Углубляющаяся водная небезопасность в Центральной Азии переросла рамки экологической угрозы и трансформировалась в многоаспектный кризис, подрывающий региональную стабильность. Истощение водных ресурсов из-за изменения климата более не отвечает потребностям растущего населения, а обвалившаяся инфраструктура советской эпохи и отсутствие устойчивых подходов в управлении водами препятствуют разработке структурных решений в странах C5. Дополнительно, напряжённость, возникающая вокруг распределения трансграничных водных путей, превращает воду не только в природный ресурс, но и в геополитический рычаг и средство стратегического давления. В результате, доступ более чем 82 миллионов жителей региона к воде определяется не столько природными факторами, сколько политическими процессами принятия решений и позицией внешних акторов.[1]
Региональные аспекты данного многослойного кризиса стали предметом обсуждения на Форуме ЕАБР 2024 года в контексте осей безопасности в сферах воды, энергии и продовольствия, где они были рассмотрены в рамках целостного подхода международными институтами, банками развития, государственными представителями и экспертами. Тот факт, что сельское хозяйство потребляет около 80% водных ресурсов региона, из которых 40% теряются из-за неэффективности, подчёркивает необходимость перехода к современным цифровым системам мониторинга и эффективным методам орошения. Кроме того, проект канала Коштепа, который должен быть введён в эксплуатацию в 2028 году, имеет потенциал радикально изменить водный баланс Центральной Азии, вызывая тревогу как в экологическом, так и в политическом аспекте.[2] В этом контексте реструктуризация таких региональных институтов, как IFAS, формирование локальных кластеров ирригационных технологий и институционализация трёхсторонних международных соглашений стали насущной необходимостью.
Трёхстороннее соглашение, подписанное между Казахстаном, Узбекистаном и Таджикистаном, предусматривающее выделение воды из плотины Бухри Точик для целей сельскохозяйственного орошения, представляет собой не только техническую координацию, но и дипломатический шаг, направленный на предотвращение прошлых конфликтов, связанных с водными ресурсами и границами. Разрушительное наследие советской водной политики, приведшее к высыханию Аральского моря, сегодня пытаются преодолеть посредством двусторонних и многосторонних соглашений, подписываемых на Амударье и Сырдарье. Тем не менее, отсутствие обязательного механизма управления водными ресурсами, охватывающего все страны региона и способного противостоять проектам, инициируемым внешними акторами, таким как канал Коштепа, способствует превращению водного кризиса в более глубокую проблему региональной безопасности.[3]

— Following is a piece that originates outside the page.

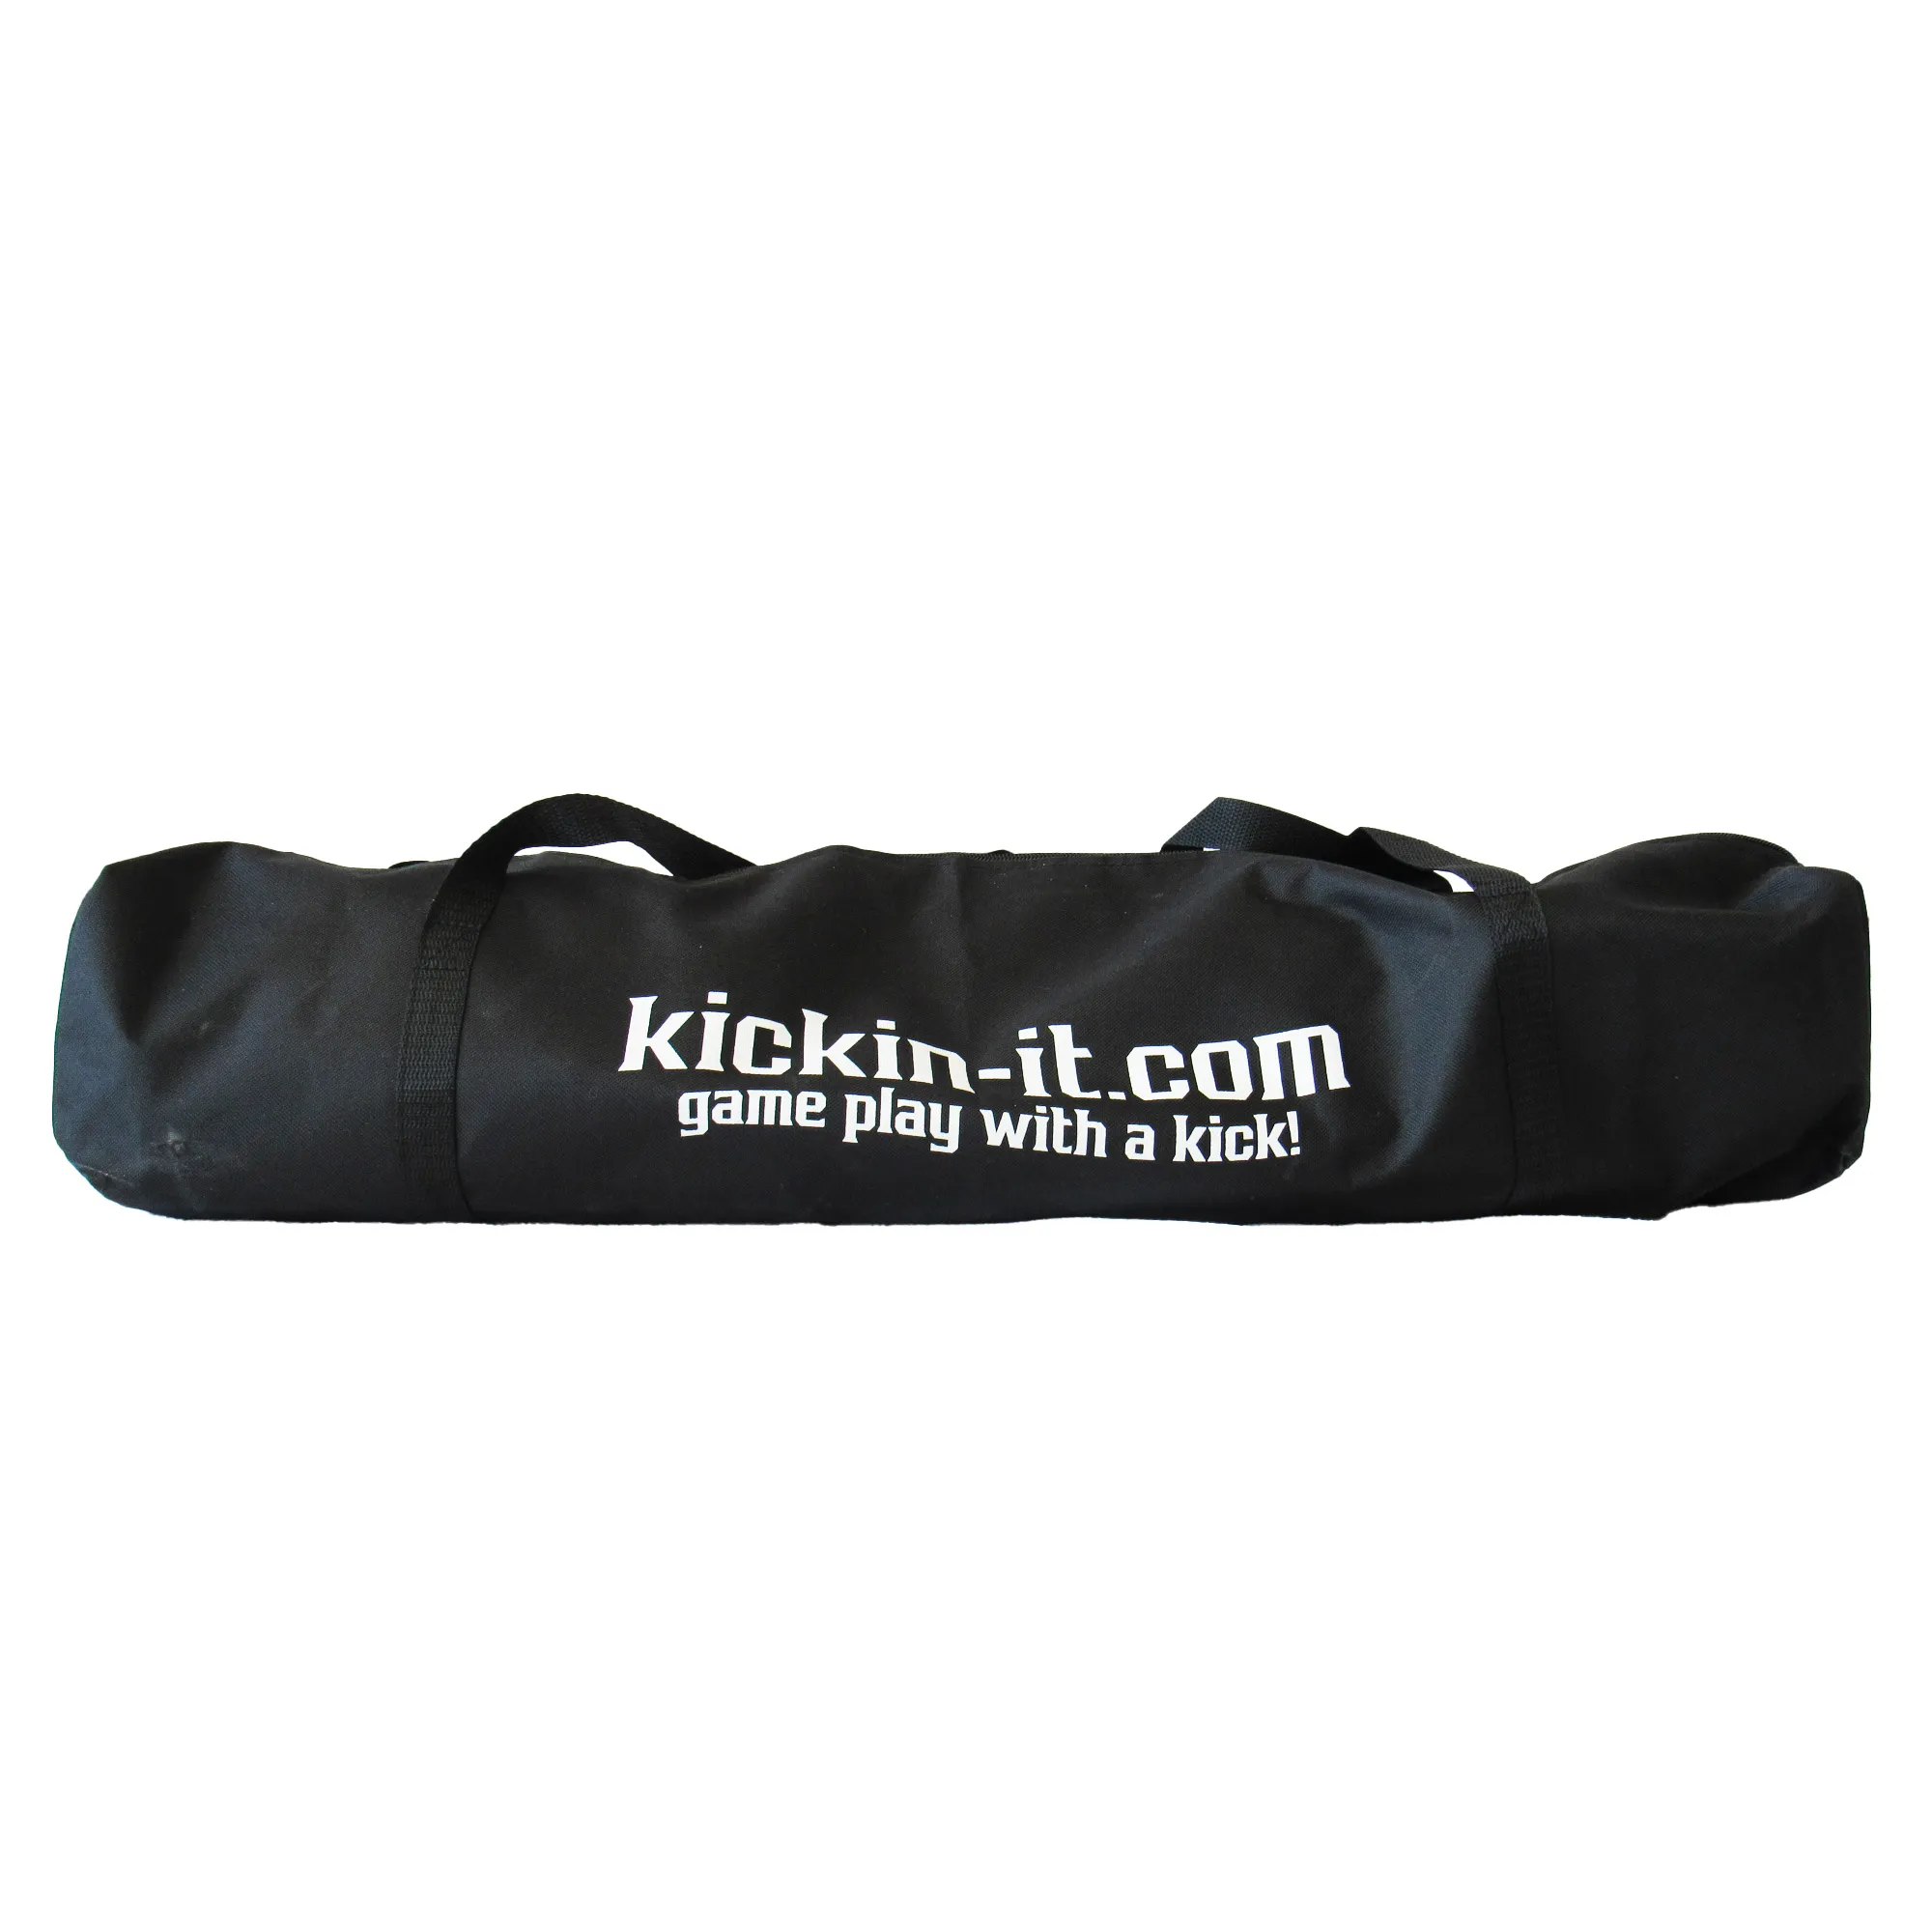 kickin-it bag

Эта структурная уязвимость представляет собой угрозу не только на региональном уровне, но и с точки зрения экологической и политической стабильности России. Как подчёркивается в аналитических материалах фонда Jamestown Foundation, усилившийся риск массовой миграции с юга Центральной Азии на север создаёт для Москвы новую брешь в системе национальной безопасности.[4] В этом контексте вновь начали обсуждаться проекты, выдвигавшиеся ещё в советское время, предусматривающие переброску воды из сибирских рек Обь и Иртыш в Центральную Азию. Однако Москва, ссылаясь на собственный водный кризис (снижение уровня рек, засухи и лесные пожары), выступает против подобных предложений и, в отличие от Китая, требует экономической компенсации за возможный экспорт воды.[5]
На данном этапе Москва рассматривает неэффективное управление водными ресурсами в Центральной Азии как основную причину кризиса и отказывается от роли “водного донора” региона. Между тем, растущее влияние Китая и Афганистана, изменяющих русло рек с помощью строительства плотин, создаёт новые геополитические уравнения, способные поколебать влияние России в регионе. Центральноазиатские страны, в случае отказа Москвы от водной помощи, заявляют о возможной миграции миллионов людей на север по экологическим причинам, тем самым оказывая косвенное давление на Кремль. Однако подобная риторика в российских политических кругах периодически воспринимается как “экологический шантаж”, что лишь усугубляет двусторонний кризис доверия.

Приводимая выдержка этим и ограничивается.